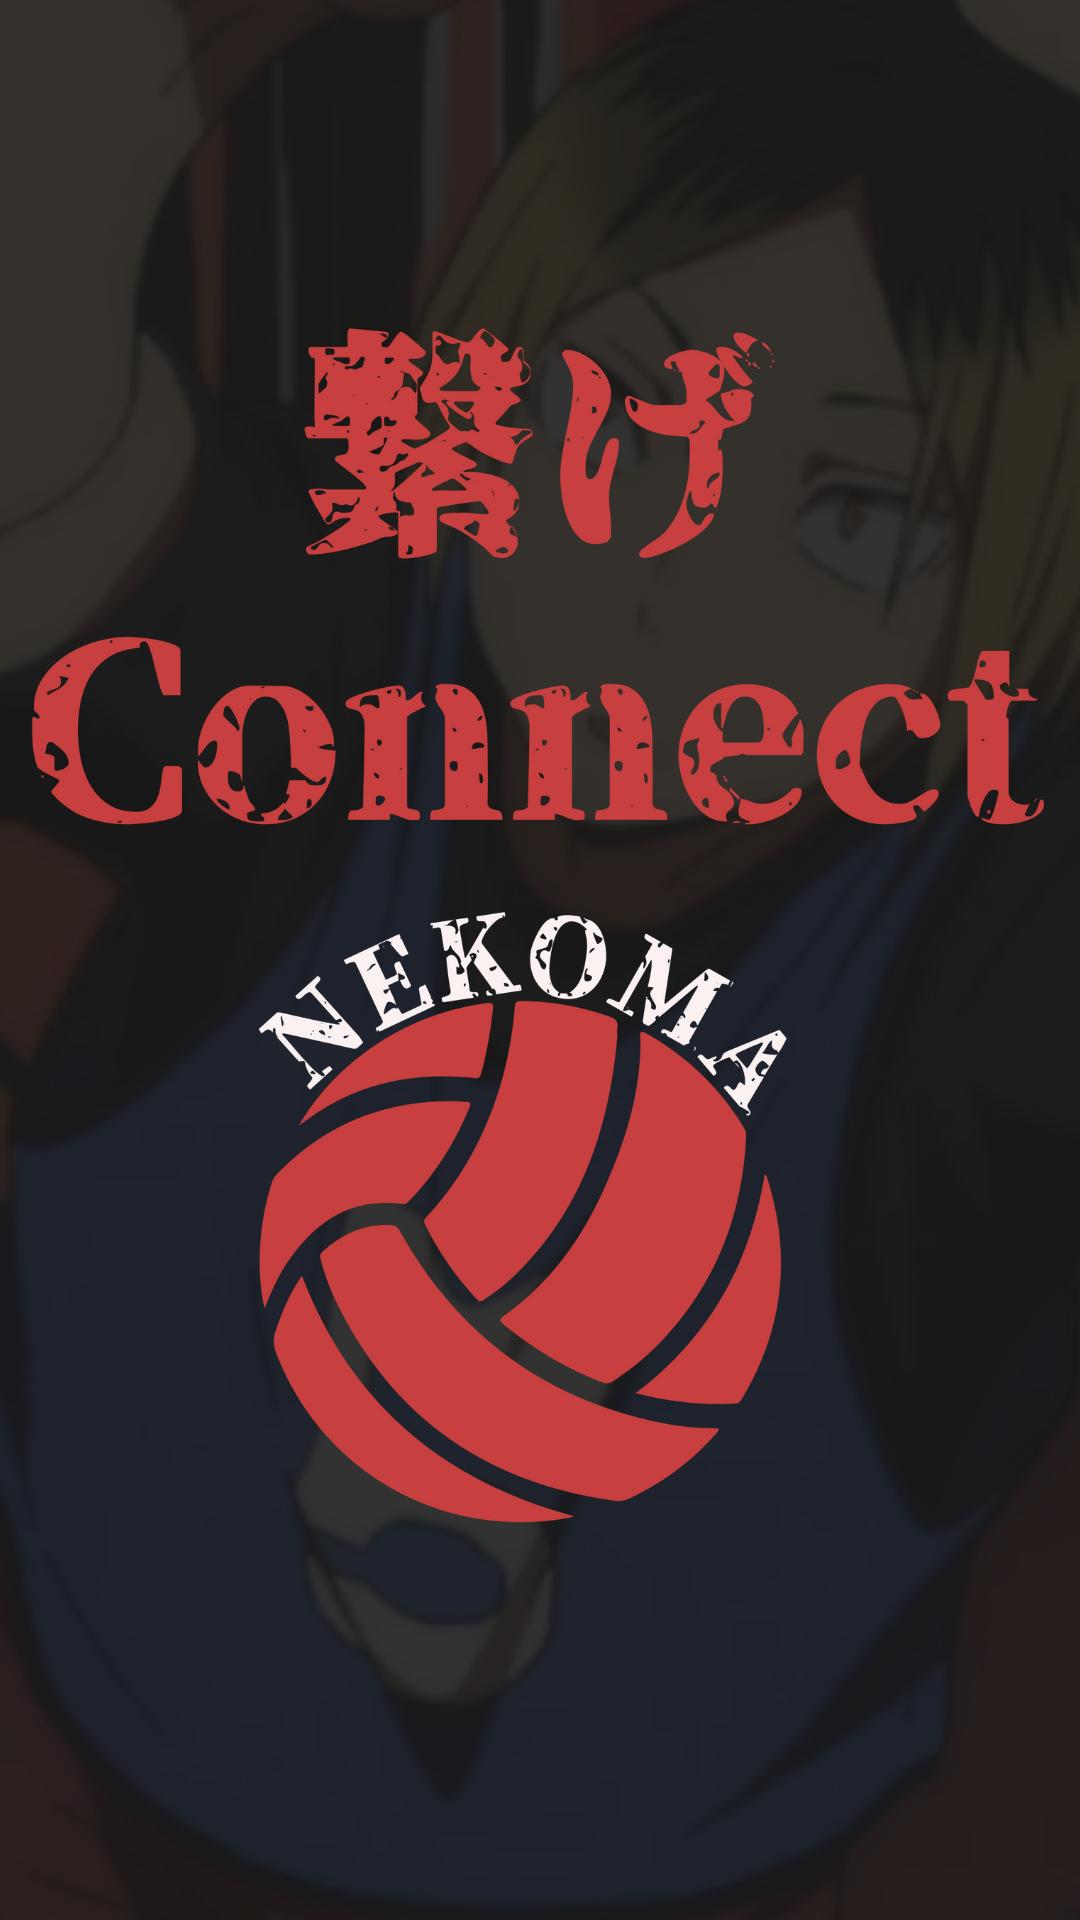 Connect Nekoma Haikyuu Shirt Haikyuu Karasuno Nekoma High Etsy In 2020 Haikyuu Nekoma Haikyuu Haikyuu Anime
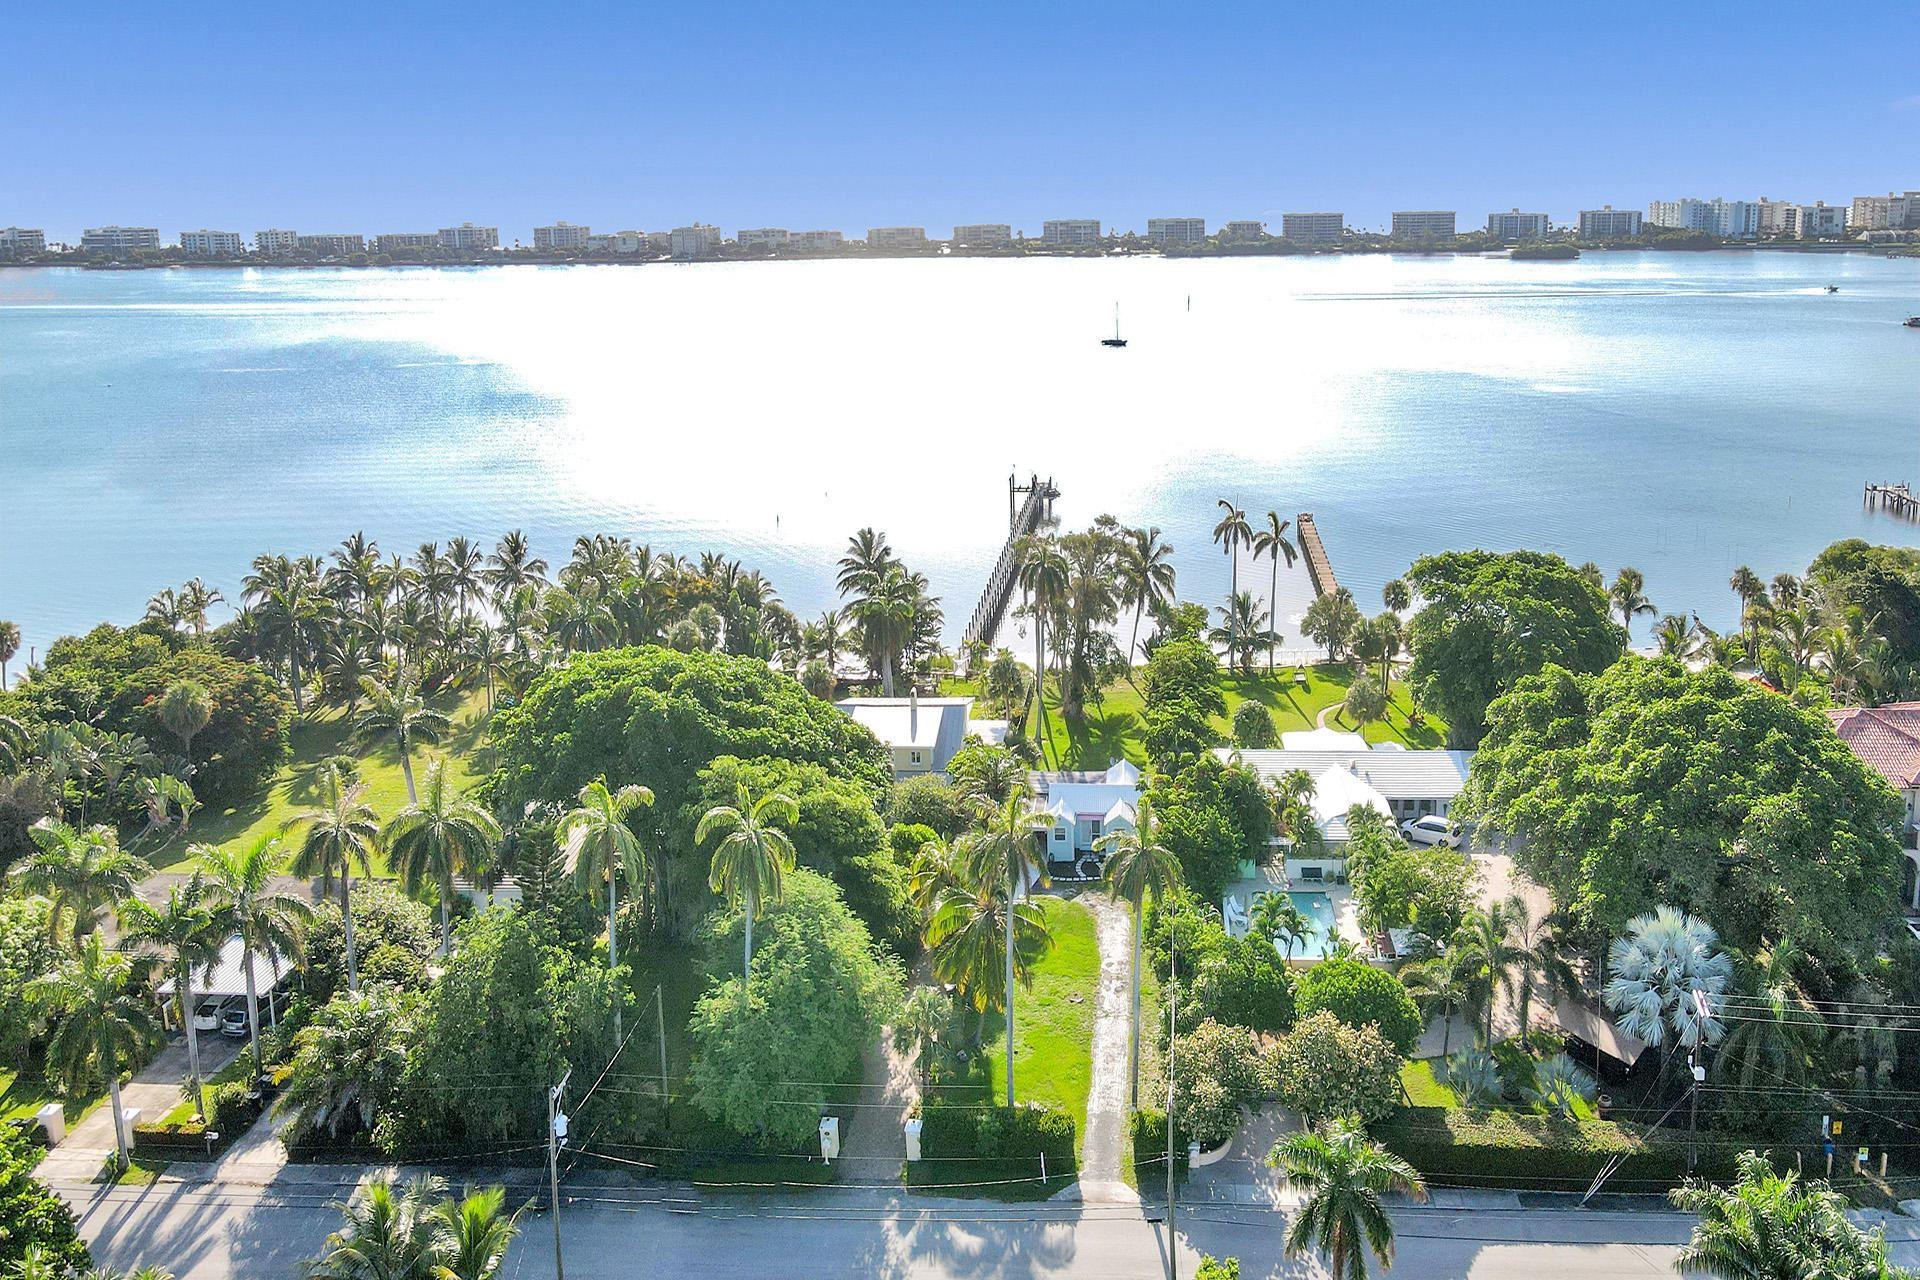 1224 S Lakeside Dr Drive, Lake Worth, FL 33460 - MLS#: RX-10735529
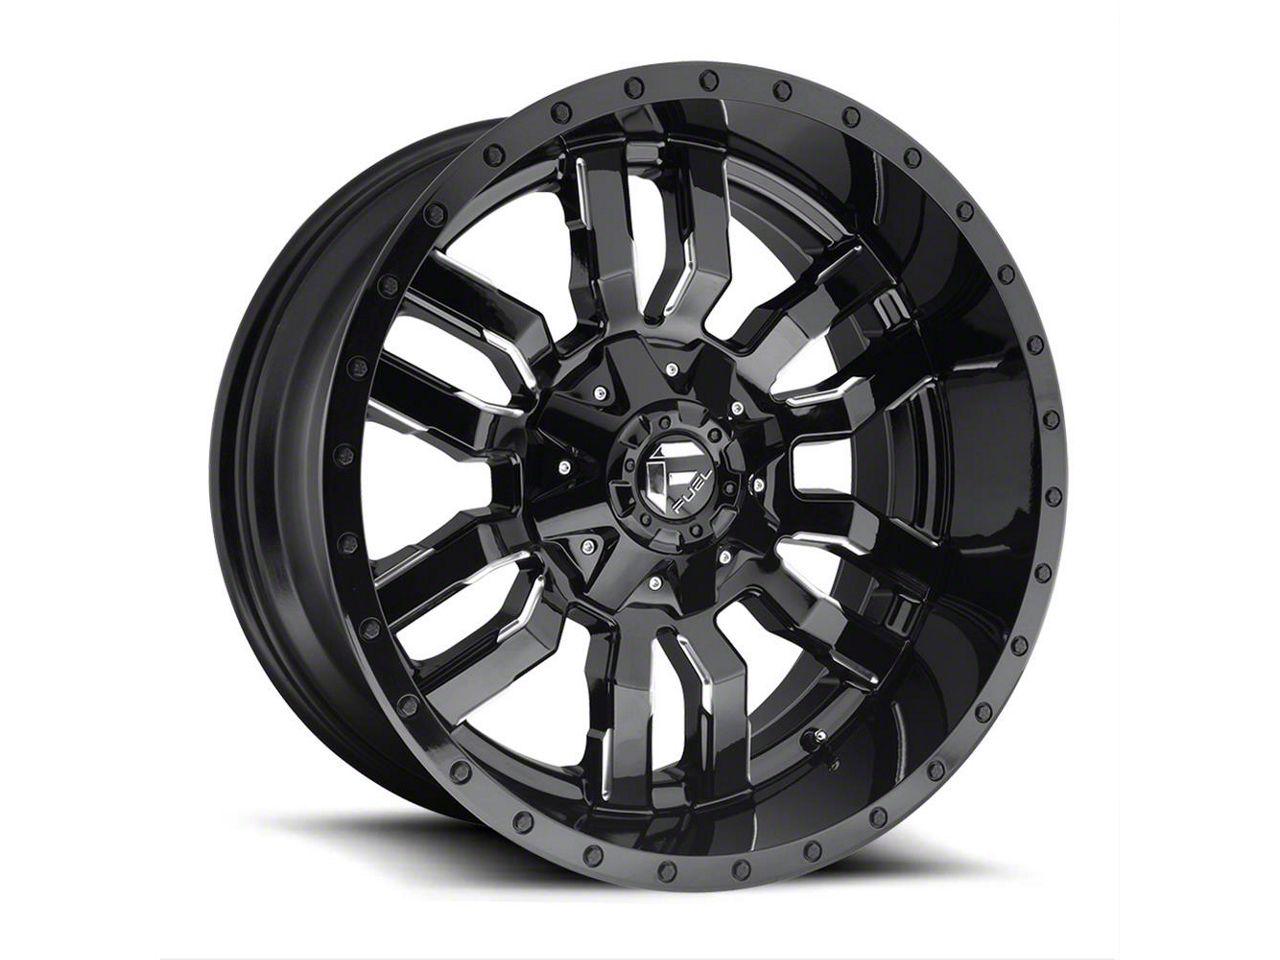 Fuel Wheels Sledge Gloss Black Milled 6-Lug Wheel - 22x12 (04-18 F-150)

§ §

Give the data above again, exactly, with every picture removed.

• _FINISHED TASK_
 Connect Nekoma Haikyuu Shirt Haikyuu Karasuno Nekoma High Etsy In 2020 Haikyuu Nekoma Haikyuu Haikyuu Anime
 1224 S Lakeside Dr Drive, Lake Worth, FL 33460 - MLS#: RX-10735529
 Fuel Wheels Sledge Gloss Black Milled 6-Lug Wheel - 22x12 (04-18 F-150)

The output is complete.